Thursday, October 31, 2013

Uptime Report for My Live Windows Azure Web Site: October 2013 = 99.63%

image_thumbMy (@rogerjenn) Android MiniPCs and TVBoxes blog runs WordPress on WebMatrix with Super Cache in Windows Azure Web Site (WAWS) Standard tier instance in Microsoft’s West U.S. (Bay Area) data center and ClearDB’s MySQL database (Venus plan). I converted the site from the Shared Preview to the Standard tier on September 7, 2013 in order to store diagnostic data in Windows Azure blobs instead of the file system.

Service Level Agreements aren’t applicable to the Web Services’ Shared tier; only sites in the Standard tier qualify for the 99.9% uptime SLA.

  • Running a Shared Preview WAWS costs ~US$10/month plus MySQL charges
  • Running a Standard tier instance costs ~US$75/month plus MySQL charges

I use Windows Live Writer to author posts that provide technical details of low-cost MiniPCs with HDMI outputs running Android JellyBean 4.1+, as well as Google’s new Chromecast device. The site emphases high-definition 1080p video recording and rendition.


The site commenced operation on 4/25/2013. To improve response time, I implemented WordPress Super Cache on May 15, 2013. I moved the site’s diagnostic logs from the file system to Windows Azure blobs on 9/7/2013, as reported in my Storing the Android MiniPCs Site’s Log Files in Windows Azure Blobs post.

Barbara Darrow (@gigabarb) asserted “Microsoft likes to tout the fact that it runs Windows Azure at data centers worldwide. Yesterday compute instances across most of those regions were disrupted. Not good” in a summary of her Whoopsie: Windows Azure stumbles again post of 10/31/2013 to GigaOm’s Cloud Computing blog:

imageMicrosoft Windows Azure had a bad day Wednesday with compute capability severely impacted worldwide throughout the day, as first reported by The Register. Compute service was partially disrupted across nearly all regions,  according to the Azure status page,

At 2:35 a.m. UTC (7:35 p.m. PDT) the company said:

We are experiencing an issue with Compute in North Central US, South Central US, North Europe, Southeast Asia, West Europe, East Asia, East US and West US. We are actively investigating this issue and assessing its impact to our customers. Further updates will be published to keep you apprised of the impact. We apologize for any inconvenience this causes our customers.

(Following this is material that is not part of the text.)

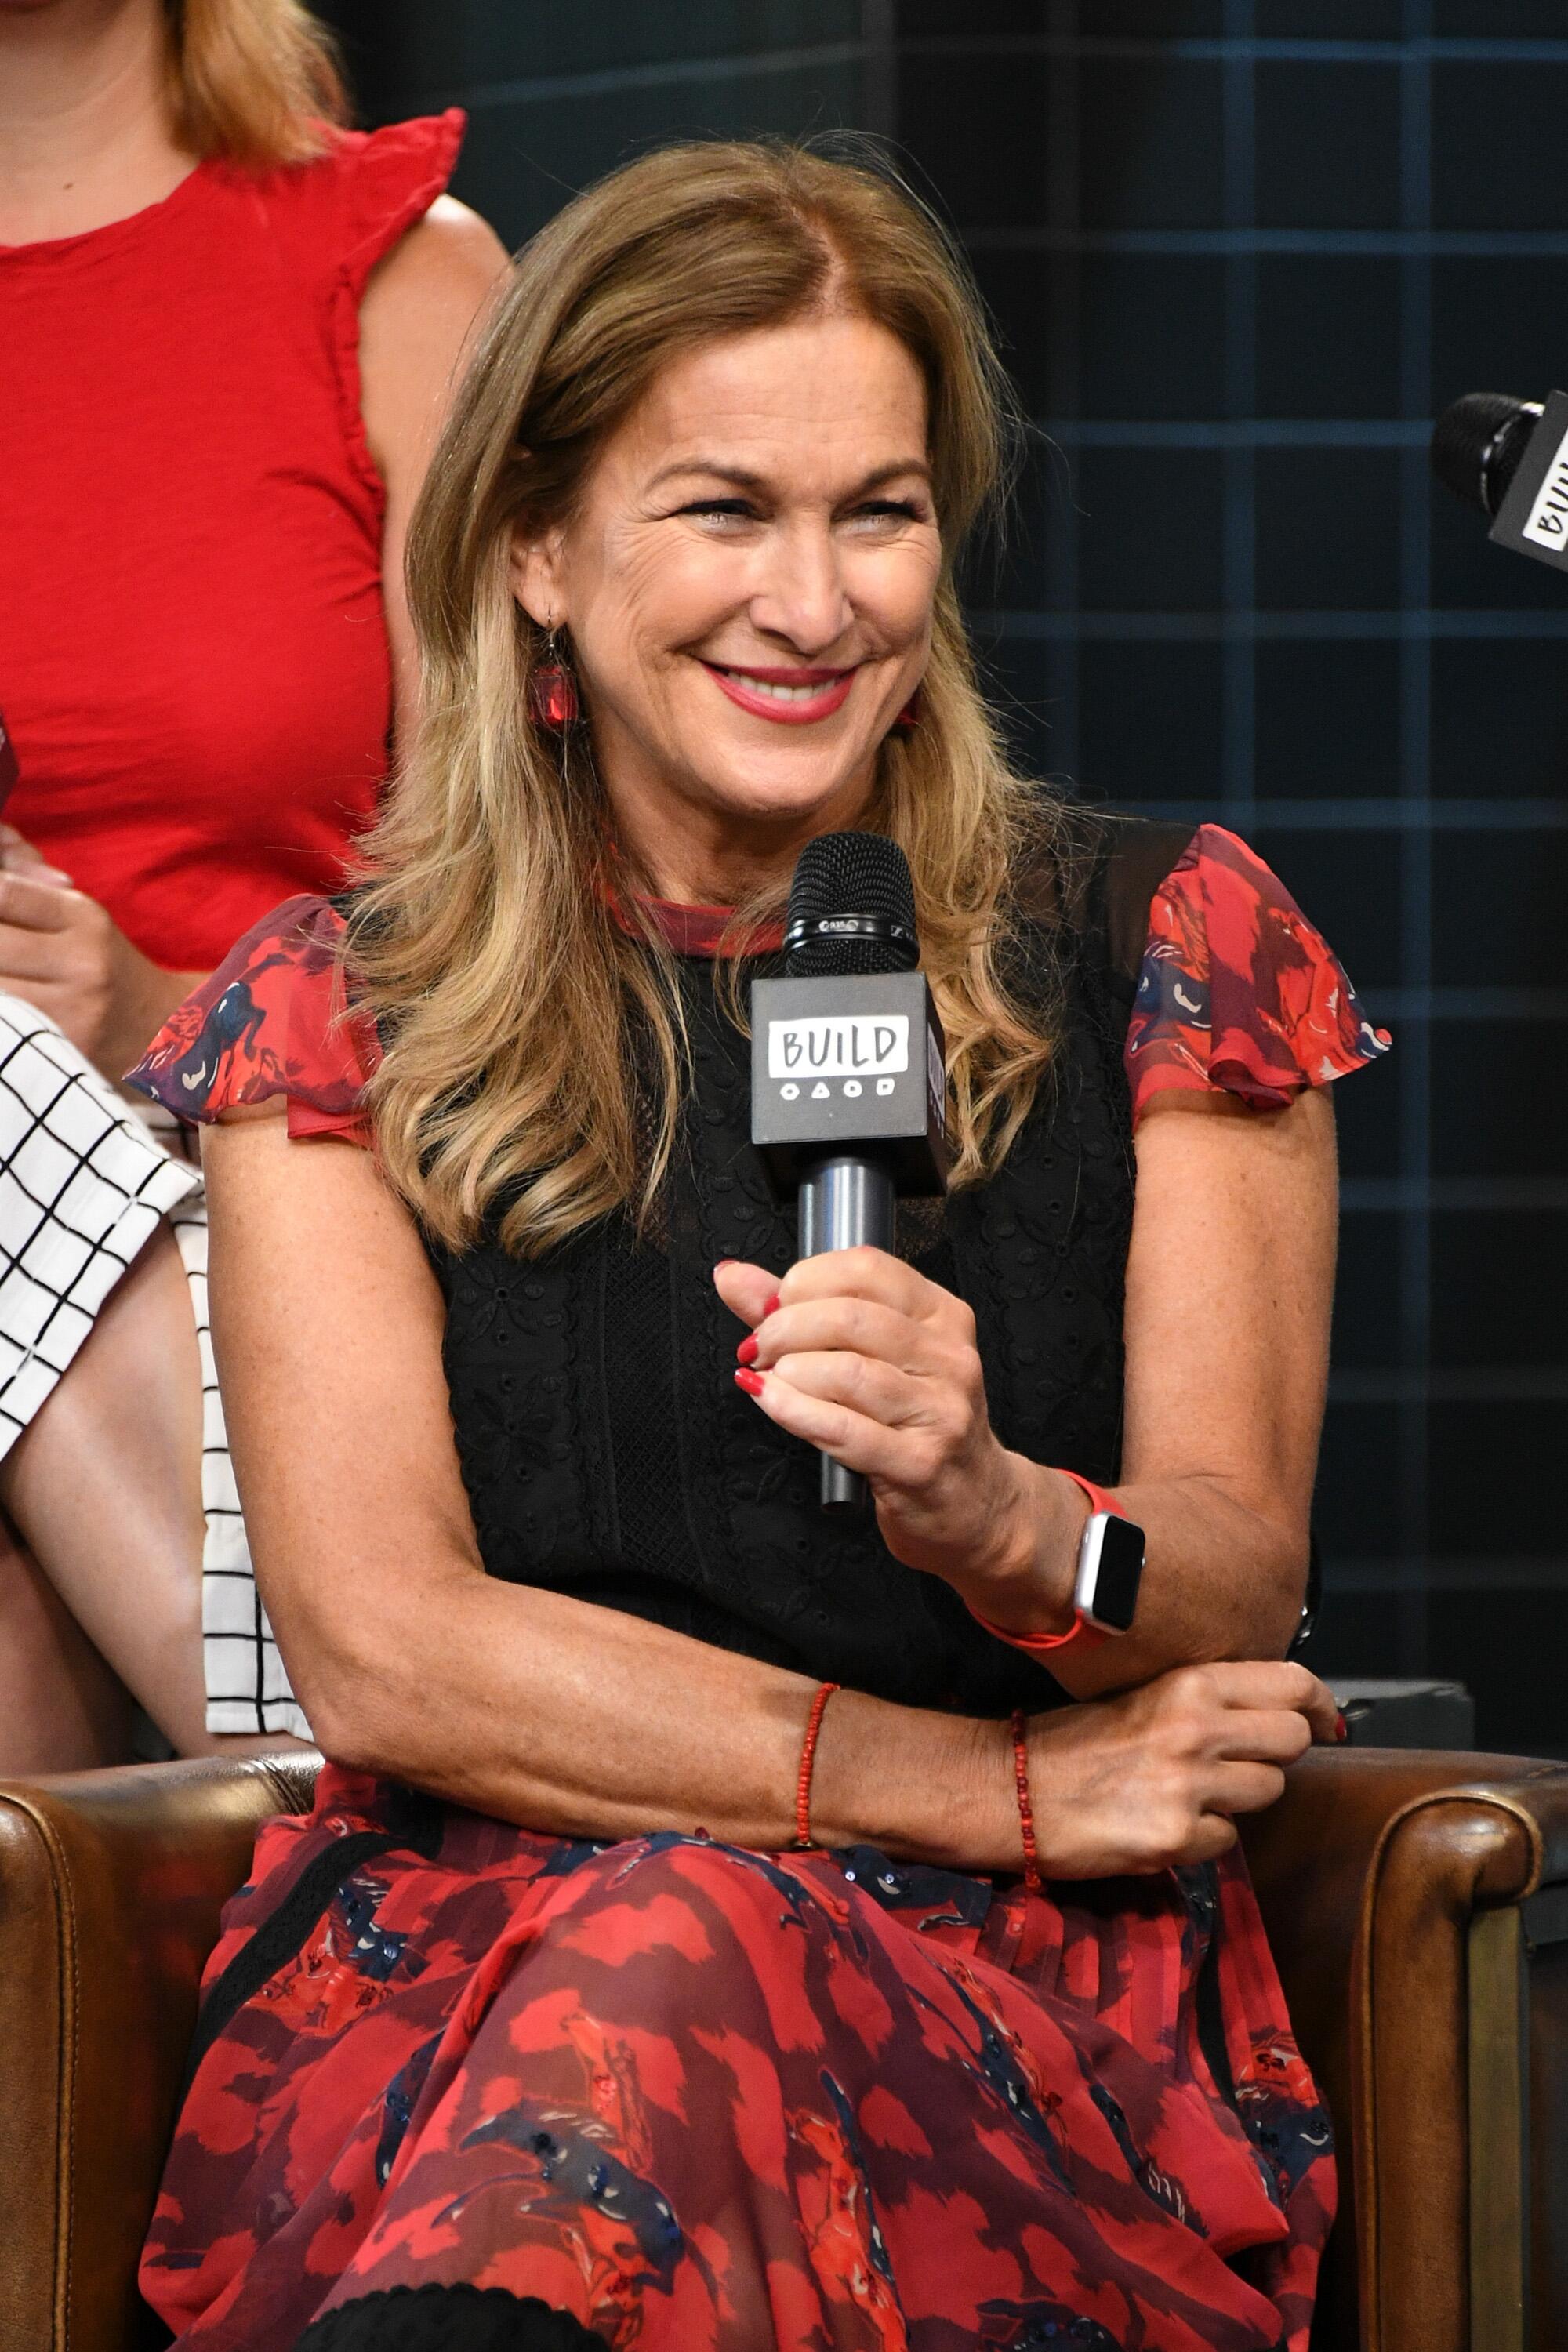 A woman in a red and black outfit, seated, smiling and holding a microphone

imageA flurry of updates followed throughout the day and as of 10:45 a.m. UTC (3:45 a.m. PDT) on Thursday, the status report declared that the problem had been addressed and the company was “remediating” affected services.

Microsoft said the issue impacted the swap deployment feature of service management. As explained in PC World: Azure offers both a staging environment to let users test their systems, and a production environment separated by the virtual IP addresses used to access them. Swap deployment operations are used to turn the staging environment into the production environment.

Update: What this meant was that while existing applications continued to work, new code could not be deployed to production until the swap deployment issue could be resolved. … [Emphasis added.]

Read the full article here.

Full disclosure: I’m a registered GigaOm analyst.

The problem didn’t affect my Windows Azure demo site, as shown in the following Pingdom reports and the Windows Azure Management Portal’s Dashboard.

Here’s Pingdom’s graphical Uptime report (first page in Downtime mode) for October 2013:


Note: Downtime is exaggerated because Pingdom’s timing resolution is five minutes.

And here’s their Response Time report for the same period:


Response time is slowed by the length and number of images in this blog’s posts.

The Windows Azure Management Portal displays resource utilization for a maximum period of one prior week:


The 7.491 maximum requests per hour on 10/10/2013 is a bit above the September 2013 maximum.

I plan to report and log uptime values monthly with pages similar to OakLeaf Systems’ Uptime Report for my Live OakLeaf Systems Azure Table Services Sample Project posts, which has more that two full years of uptime and response time data as of June 2013.

Month Year Uptime Downtime Outages Response Time
October 2013 99.63% 02:40:00 23 2,061 ms
September 2013 99.81% 01:20:00 7 1,816 ms
August 2013 99.71% 02:10:00 24 1,786 ms
July 2013 99.37% 04:40:00 45 2,002 ms
June 2013 99.34% 04:45:00 30 2,431 ms
May 2013 99.58% 03:05:00 32 2,706 ms

Note: The usual 99.9% uptime Service Level Agreement (SLA) applies only to Windows Azure Web Sites running in the Standard tier. The Android MiniPCs and TVBoxes site was upgraded from the Shared to Standard tier on 9/7/2013.